Les institutions financières traditionnelles ne manquent pas de professionnalisme, elles restent simplement attachées à leur propre langage de pensée éprouvé. Dans leur système de référence, un actif de qualité doit générer des flux de trésorerie prévisibles, une activité saine doit pouvoir fonctionner de manière stable dans un environnement à faible volatilité, et sa valorisation doit strictement suivre l'analyse des sociétés comparables ou le modèle des flux de revenus.
Cependant, les sociétés émergentes de type trésorerie crypto racontent une toute autre histoire. Leur logique centrale est la suivante : « Nous ne dépendons pas des flux de trésorerie opérationnels traditionnels pour soutenir la valeur de nos actifs, mais nous obtenons une forte capacité de financement et la confiance du marché grâce à une structure d'actifs innovante. » Il ne s'agit pas d'une simple question de juste ou faux, mais d'un profond changement de paradigme.
Ainsi, la note B- attribuée par S&P à Strategy n'est pas en soi l'élément clé. Le véritable signal symbolique est le suivant : le nouveau modèle représenté par la trésorerie bitcoin a atteint un stade où le système de notation traditionnel ne peut plus l'ignorer et doit tenter de l'« expliquer ».
Mais il faut garder à l'esprit que « expliquer » ne signifie pas « comprendre », « comprendre » ne signifie pas « accepter », et « accepter » ne veut pas dire l'intégrer dans le cadre dominant. L'évolution cognitive de l'ancien système sera aussi lente qu'un glacier — il finira par se réveiller, mais jamais du jour au lendemain.

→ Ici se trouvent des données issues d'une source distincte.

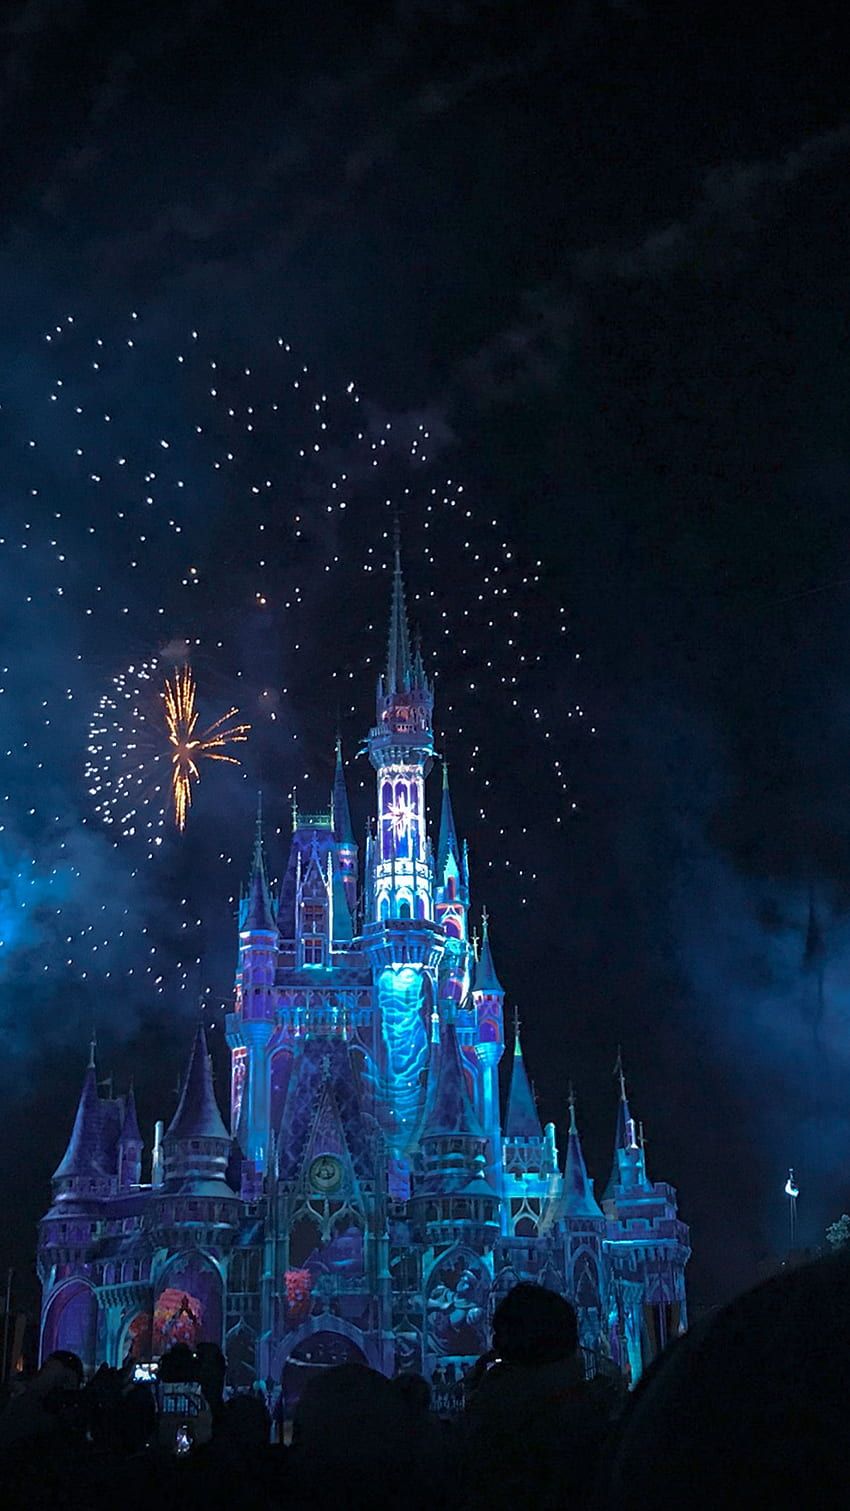 A picture of the castle at Disney world with fireworks going off in the sky - Disneyland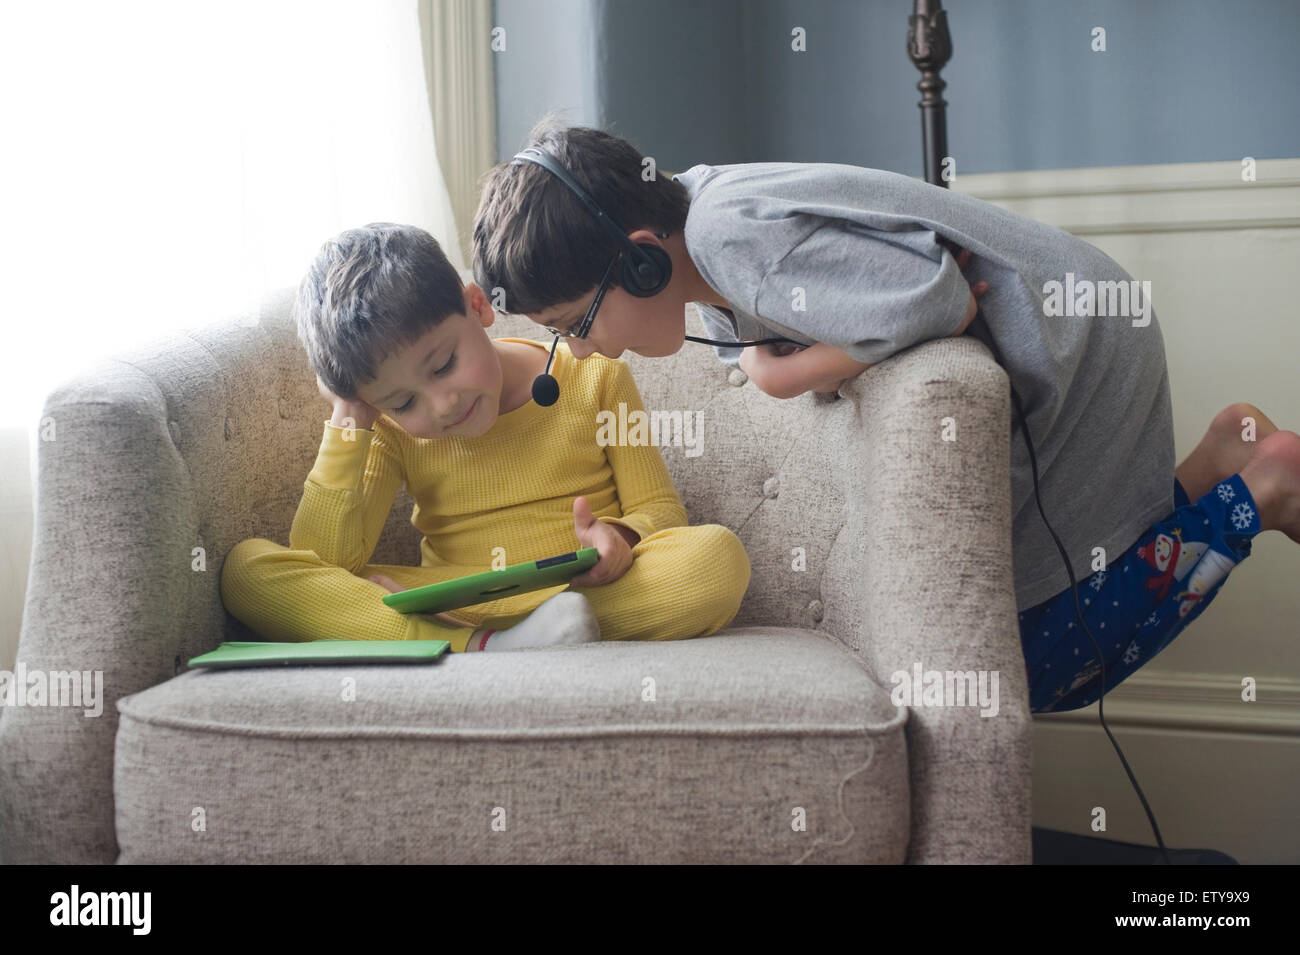 Brothers, ages 5 and 8 look at videos on Ipad mini Model Released / MR Stock Photo

L'histoire a maintes fois prouvé que de nouveaux équilibres de marché se forment souvent alors que l'ancien système est encore « à moitié endormi ».
Inscrire le bitcoin au bilan des entreprises est déjà passé d'une expérimentation pionnière à un fait établi. Que le monde traditionnel le reconnaisse, l'accepte, ou le comprenne vraiment, ce n'est qu'une question de temps.